What Damage Can Water Cause?

water damage

Water damage is a multifaceted event that affects your home in a variety of ways. Because very few parts of a typical house are waterproof, exposure to water is never a positive event. The wide range of potential negative consequences of water damage require rapid response and recovery techniques performed by qualified professionals to restore your home to a safe and healthy environment. Here are some of the major ways water can damage your home and disrupt your daily life:

Structural damage. Many parts of a home’s construction are vulnerable to the effects of water.
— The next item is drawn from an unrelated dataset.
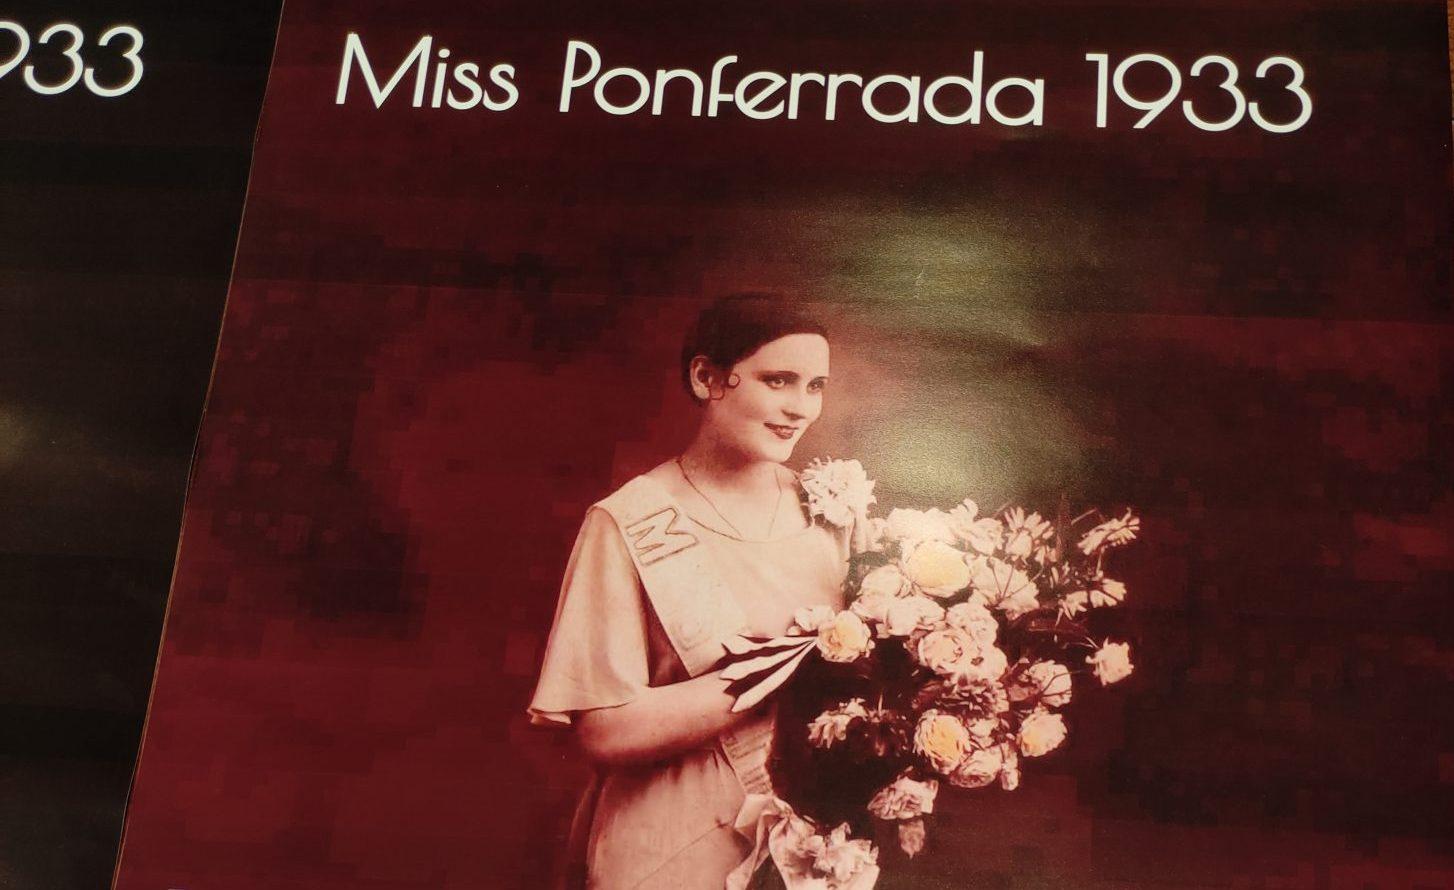 Fabularia Teatro representará 'Miss Ponferrada 1933', la historia de Paquina, una ponferradina que sobrevivió a la represión franquista 1

  • Two of the most common structural elements—drywall and wood—are compromised when exposed to it.
  • Drywall that forms walls and ceilings rapidly absorbs water and may be dried in place if there is no obvious change in shape and seams are intact.  However, drywall affected by ‘dirty’ water will need to be replaced. 
  • Wood structure in the attic, crawl space, and inside walls can warp, rot and decompose due to long term or repeated exposure to water.
  • Bricks and other masonry are at risk as submersion in standing water can erode mortar that holds individual pieces together.

Electrical damage. No components of your home’s electrical system are made to resist water exposure. Electrical wiring, outlets, junction boxes, and circuit breaker panels are all very vulnerable to water exposure. If these components become wet, dangers relating to the initial moisture—as well as the corrosion that follows—typically mean that affected components must be inspected and possibly replaced.  

Insulation issues. Both fiberglass and cellulose loose-fill insulation lose insulating capacity when wet. Fiberglass batts may be removed from the house, dried, and then reinstalled. Cellulose insulation that has become wet is considered ruined and must be replaced.

HVAC systems. Water entering the HVAC system triggers mold growth, deteriorates duct material, and causes air leaks. If water contacts critical furnace components such as burners and the heat exchanger, these costly parts are no longer safe and will require replacement. If the AC compressor in the outdoor unit is submerged by flooding, the compressor and other associated electrical components will also need to be replaced.

Flooring. Solid hardwood flooring will absorb water, causing dimensional changes such as swelling and buckling. Engineered flooring made of layers of wood glued together may permanently deteriorate when saturated, requiring replacement.  Standing water seeping beneath the flooring such as tile and other materials may soak the wooden subfloor beneath, requiring removal of flooring material to dry the subfloor.